As Le Comte de Gloria-Cassis, Philippe Talbot threw himself unsparingly into Kosky’s exasperatingly corny parody of Spanish swagger, which sinks as low as to use supposedly comical but potentially insulting cod Spanish, but sounded tired and stretched. Vocally, the star of the evening was, to me, Matthias Vidal as Le Duc de Mantou, near-equal in style and charisma to the ever-excellent Beuron.

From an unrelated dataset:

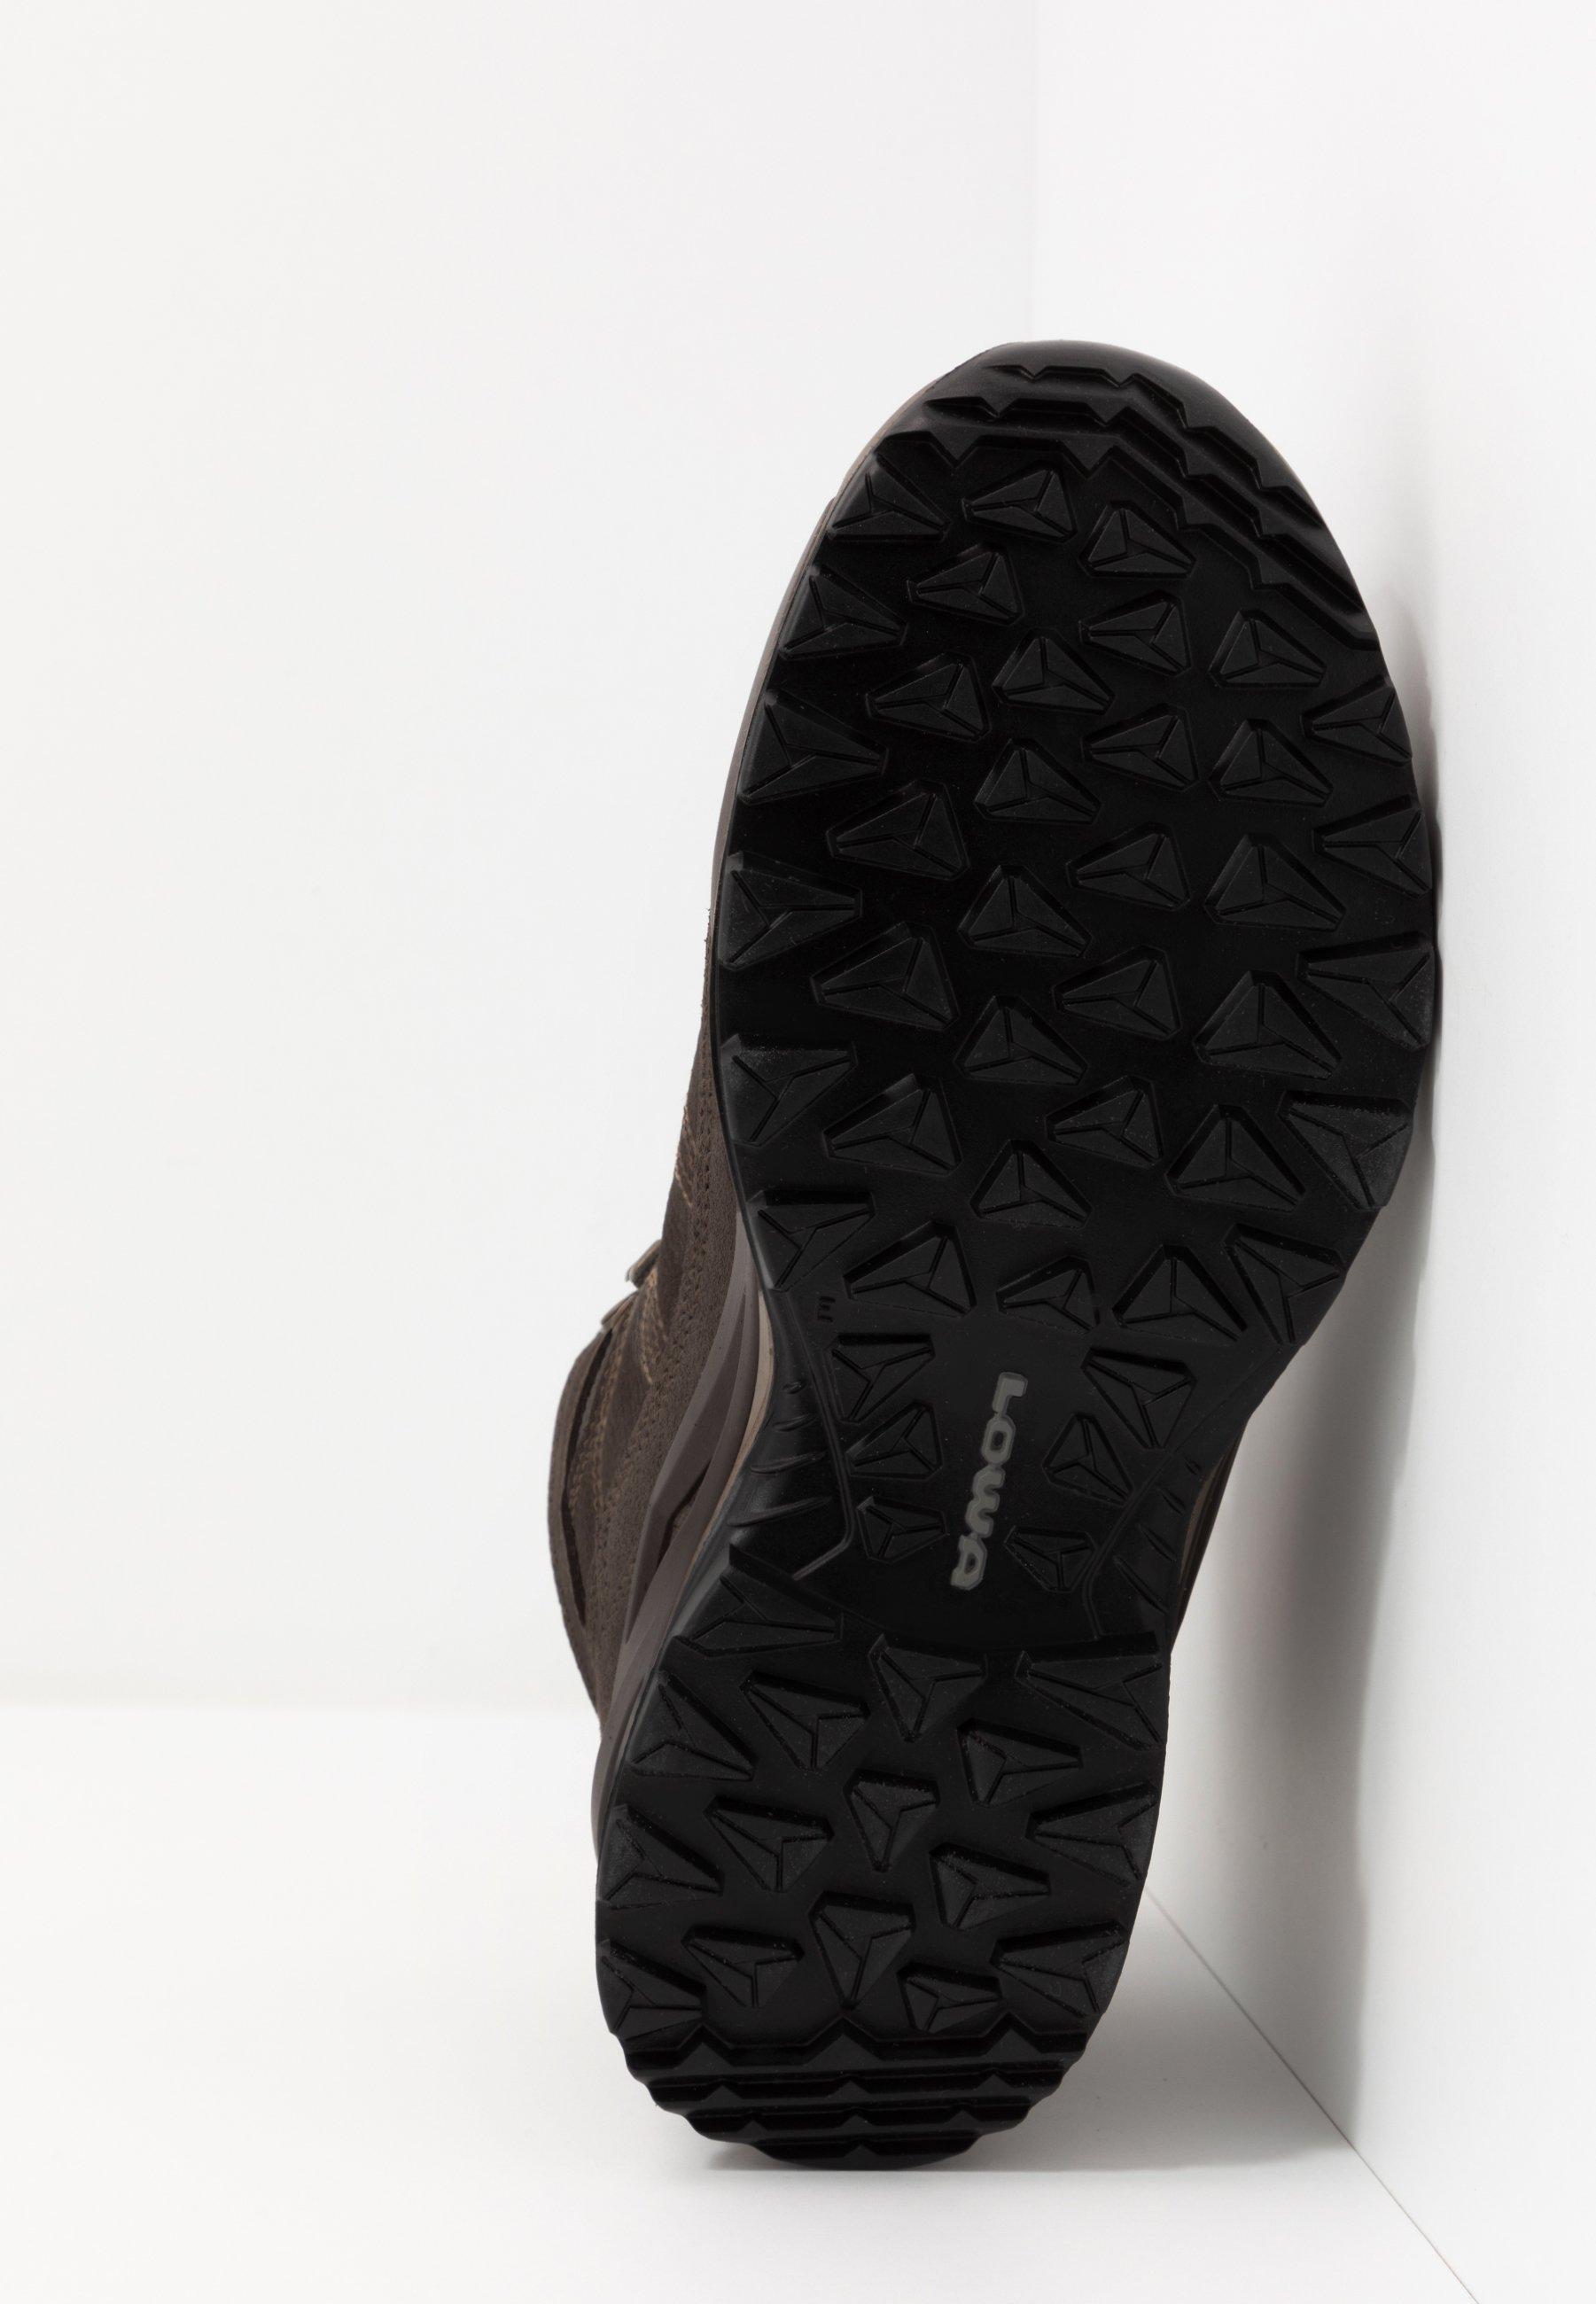 Lowa TORO EVO MID - Scarpa da hiking - dunkelbraun/taupe | Scarpe A Buon Mercato

The orchestra was in sprightly form under Michele Spotti, who incidentally conducted Laurent Pelly’s lovely production of Offenbach’s Barbe-Bleue from Lyon, starring Beuron, one I’ve sadly only seen on video. The chorus was also in fine fettle, though understandably with all the madcap kerfuffle on stage, there were times when it was all hard to keep together. Wearied by much of this relentlessly unfunny action - ‘Ça ne marche pas’ (it isn’t working) was my neighbour’s comment, more than once, while I tried to persuade him to stay on - there were times, too, I must admit, when I just focused on the music and ignored the kerfuffle.
*****
From 'raph13' on ODB Opéra:
'Barrie Kosky's madcap production, with its wild costumes, is a kind of gigantic, wacky, juvenile farce. However, the almost constant hysteria becomes tiresome, as does the screaming and shouting at every turn. The rewriting of the dialogues gives the opportunity for a few jabs at the government, but at times it feels like the Théâtre des Deux Ânes* (particularly during the cashier's long monologue, which is also badly amplified) (...) Above all, I wonder what this work is doing at Garnier, given that the vast majority of the cast have a vocal make-up more suited to the Opéra-Comique; you often have to strain your ears. However, the energy displayed and the lively choreography are a hit with the young audience, who give the artists a warm standing ovation.’
*A 300-seat theatre on the boulevard de Clichy where the old Montmartre tradition of satirical cabaret lives on.
Note: an edited version of this post may be published on Parterre.com.